Daniel smiled at her as she came into the room.

Jane and Marcus were involved in a discussion of the best area of Manhattan for apartment hunting.

Daniel got up and came over to pull her to the seat next to his. He handed her a clean wine glass and poured Chardonnay into it as Jane and Marcus looked over, both of them laughing at something Marcus had just said.

“Okay I borrowed some togs?” Jane asked.

“Sure.”

“You’ve got more jeans than I do.”

“And probably in more sizes,” Eva laughed. “Except you’re so tall.”

“I’m calling them capris,” Jane said, stretching out her long leg to show bare inches above her ankle.

The guys looked mildly befuddled, but when nobody spoke for a minute, Marcus came into the breach smoothly saying, “You done good, Peanut.” She’d never liked the pet name. At five-foot-three, she wanted to forget she was shorter than the average girl. “Thanks,” she said, smiling painfully. Glad that Daniel and Jane didn’t remark on the Peanut moniker.

“If I weren’t moving to New York, I’d come here myself this summer,” he said. “I was so impressed with the video online.”

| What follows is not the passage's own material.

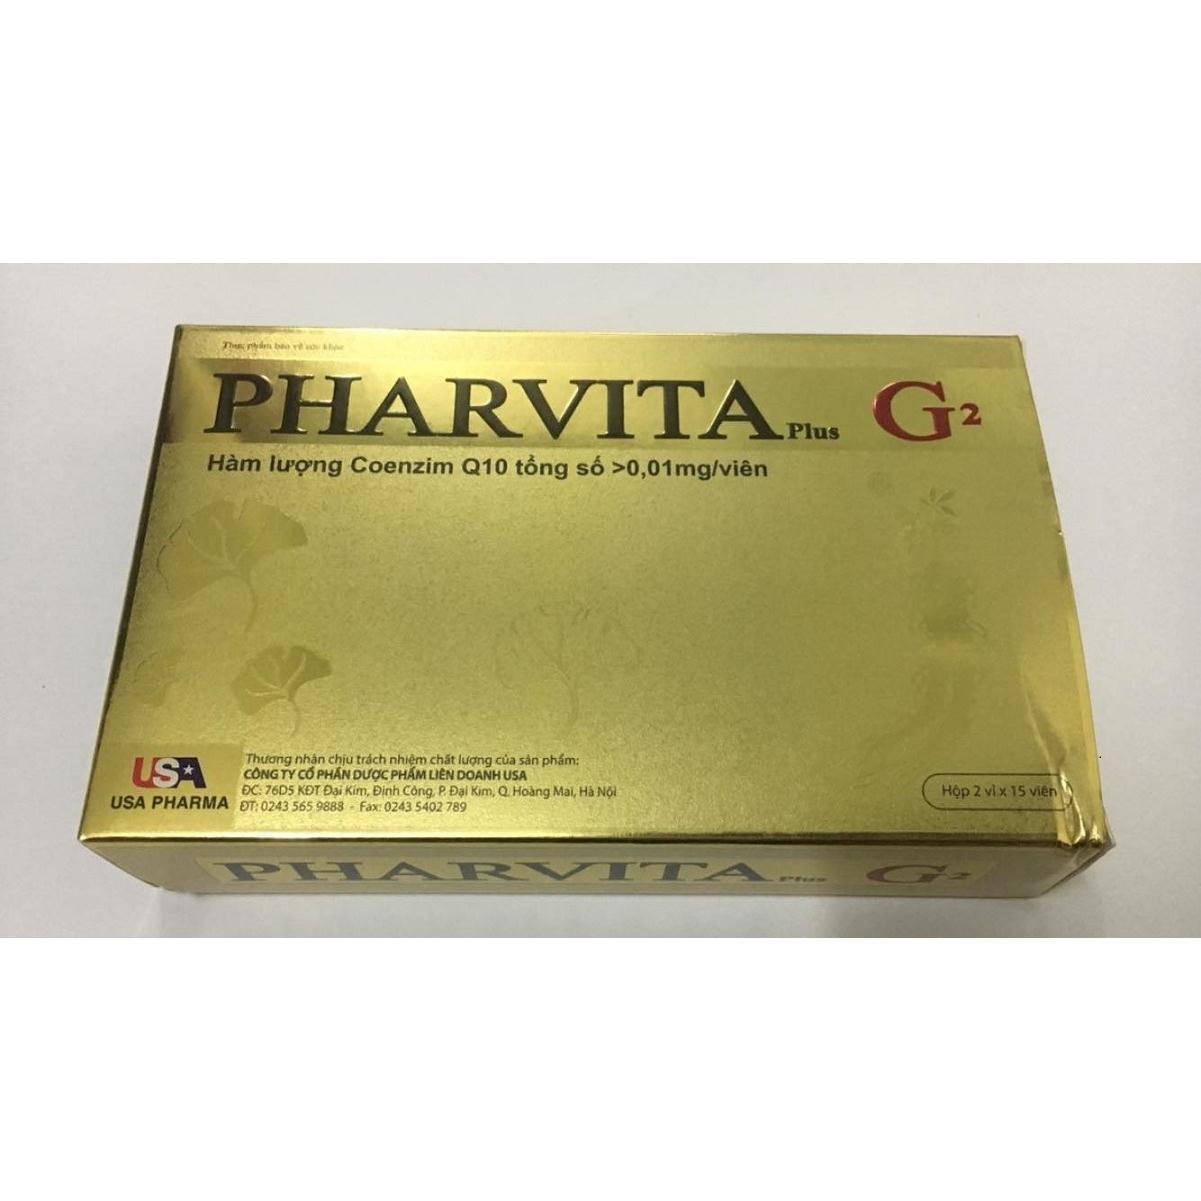 Pharvita Plus G2

Eva smiled her gratitude at Daniel, hoping today’s video wouldn’t feature a single frame with Marcus in it.

Again the room fell silent, but she didn’t feel like she needed to fill it. She had nothing left to say to Marcus, and both Jane and Daniel knew the story.

The three of them curled up cozy and at home, Marcus the odd man out. Until he picked up the guitar. He tuned it for a few minutes, even though she’d had it restrung and tuned, then started plunking out the opening to an old punk anthem. He even got that high note right where you have to press your pinky and twist it to make the note tremble.

Showing off.

He segued into more of his idea of what kids listened to, except those songs weren’t new anymore. He riffed a few notes before moving on to something else, but she knew his songbook by heart.

Marcus played the piano, and didn’t fool much with the guitar, except when he was trying to impress the younger generation.

Like now.

Chapter Twenty-Four

Eva ignored Marcus and turned to Daniel.

“Do you think the new video is up yet?”

Daniel’s videographer had left an hour ago swearing he’d do a quick edit and have it up and running by evening.

Daniel smiled at her. “Could be,” he took out his phone and checked the internet, chuckling after a few minutes. He handed her the phone, and she saw a mini Blue Heaven in full party mode. She grinned back at Daniel, delighted.